■ Problem requirements: Transcribe all data verbatim. Skip the pictures.

■ The data:
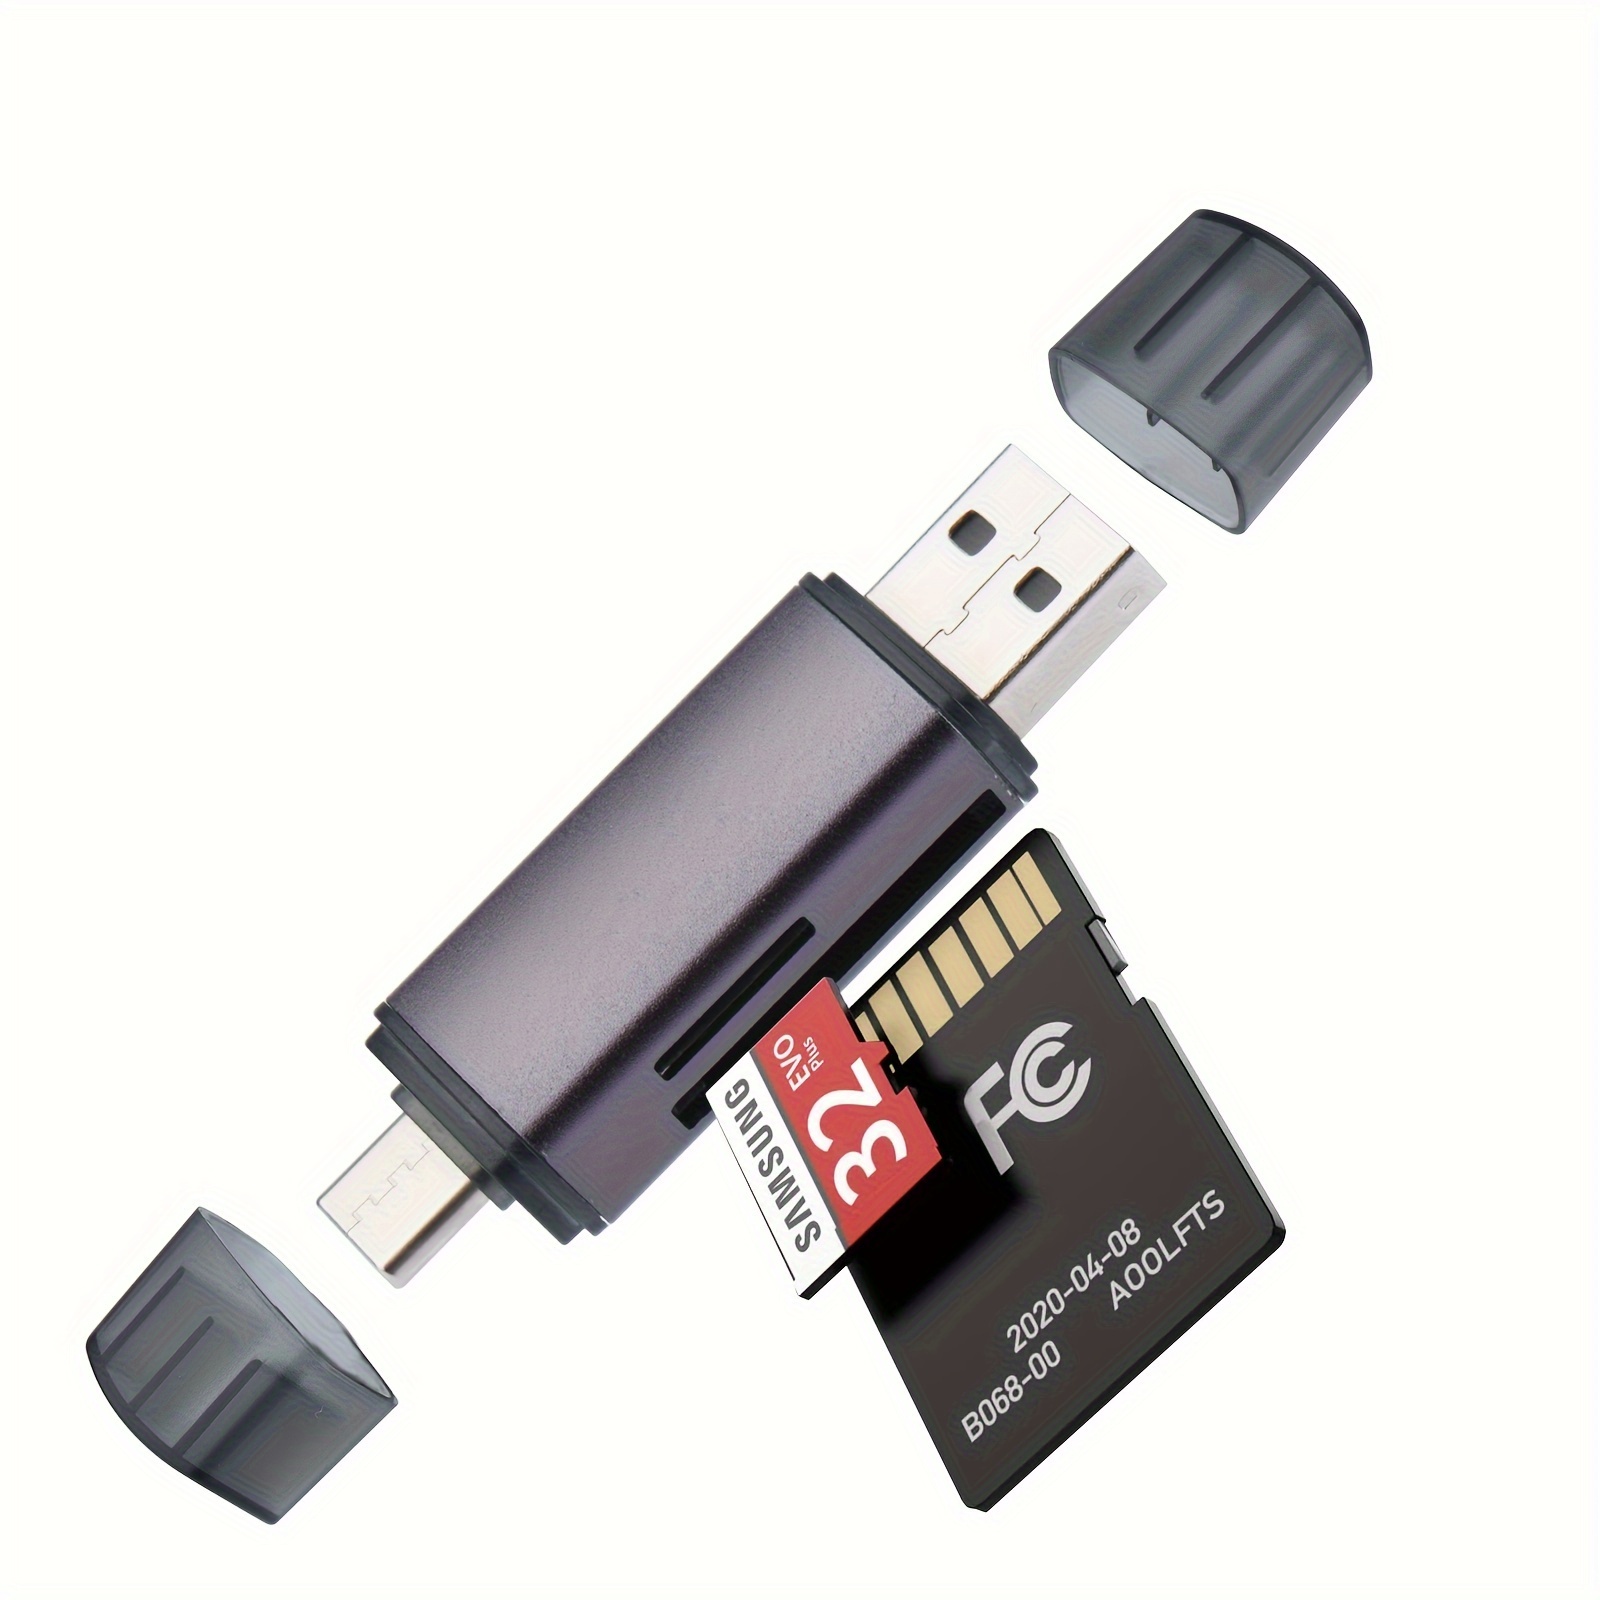 Samsung carte microSDXC 128 Go PRO Plus avec clé USB - Carte mémoire -  Samsung
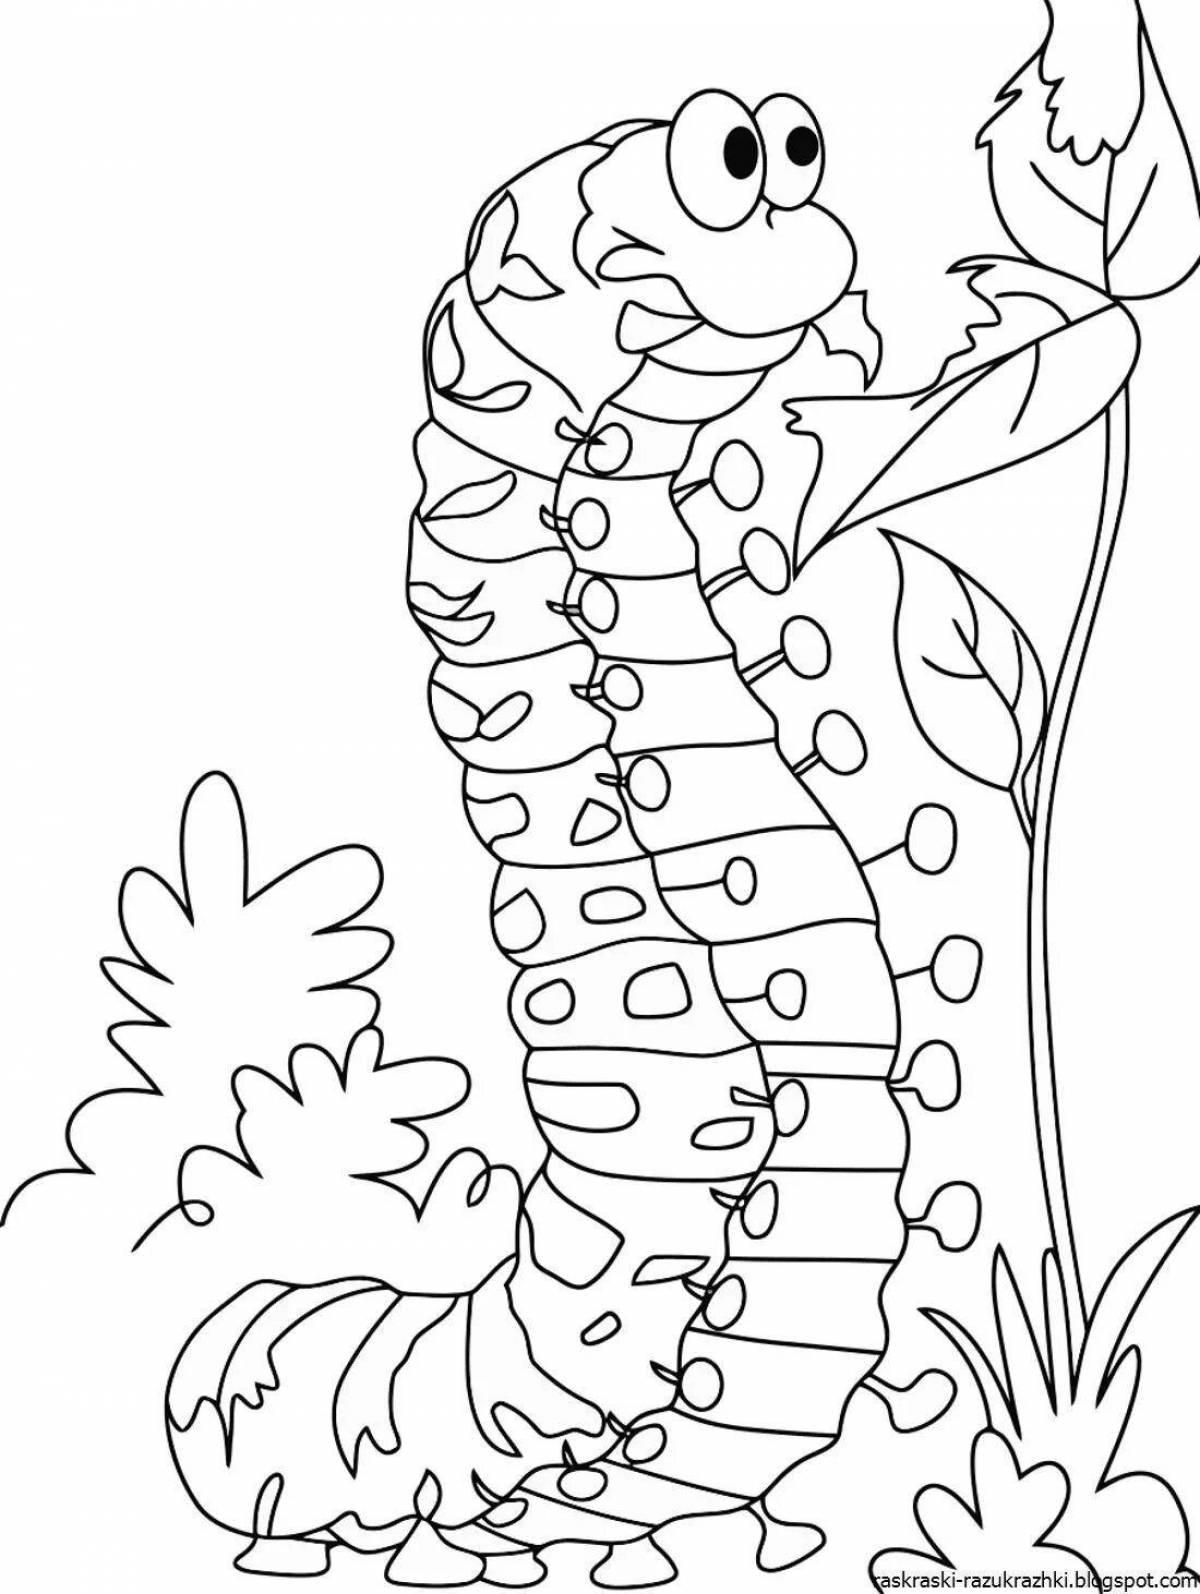 Coloring cute caterpillar for kids
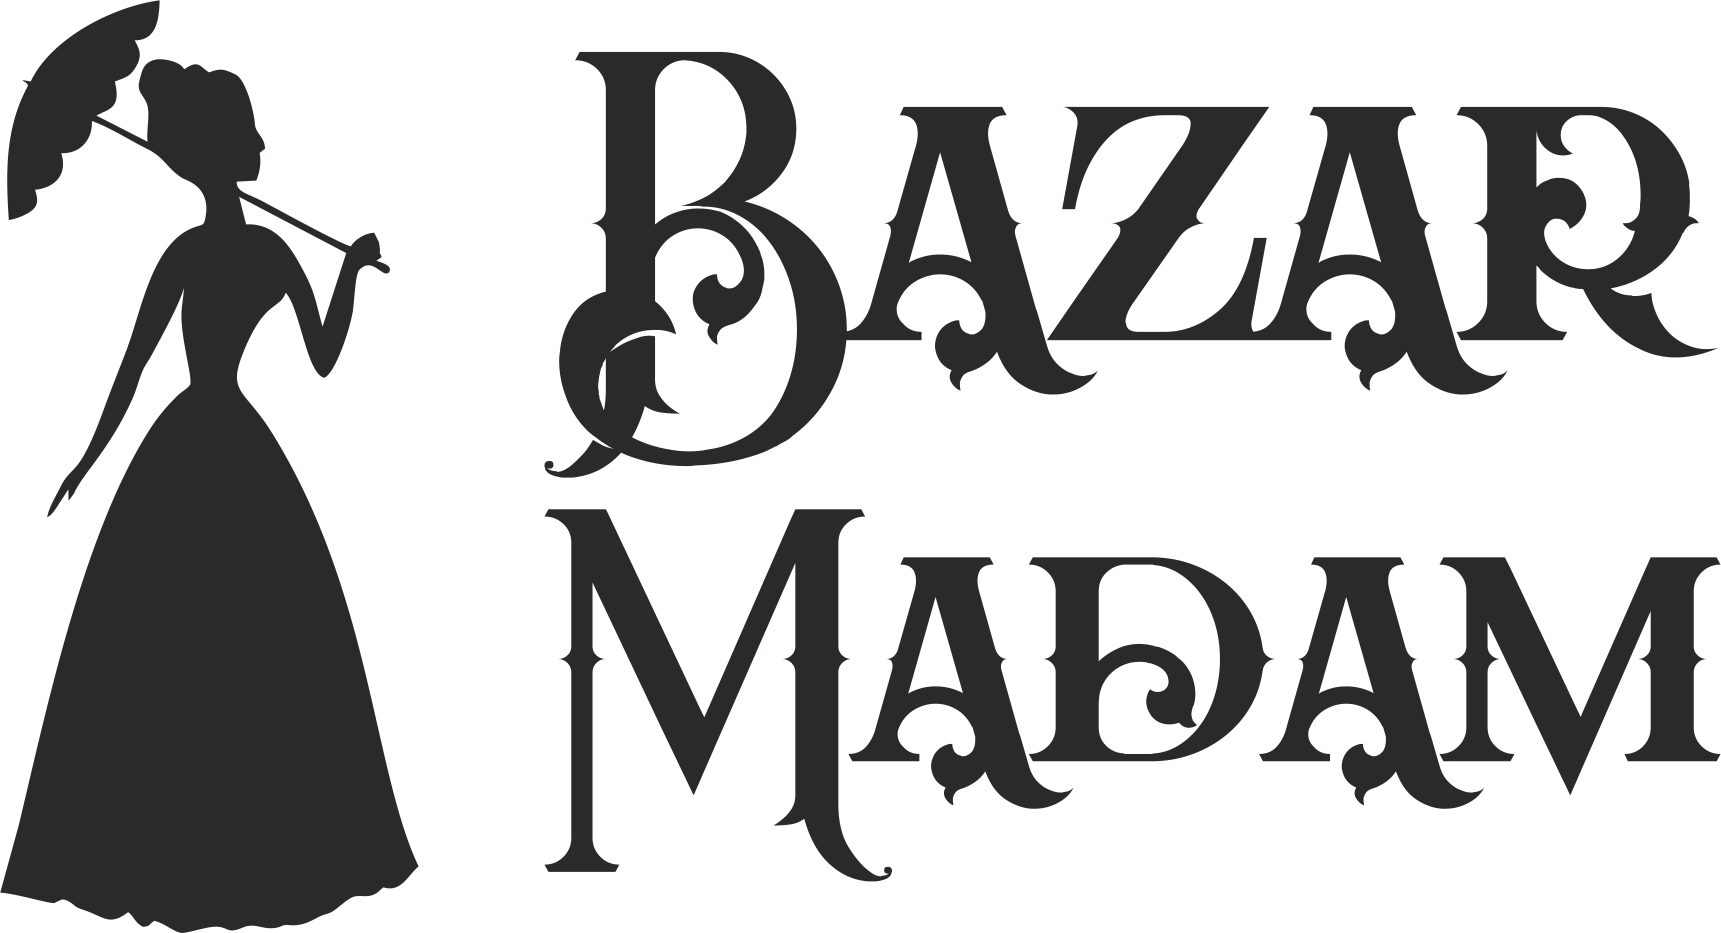 BazarMadam

■ Response:
 Samsung carte microSDXC 128 Go PRO Plus avec clé USB - Carte mémoire -  Samsung
 Coloring cute caterpillar for kids
 BazarMadam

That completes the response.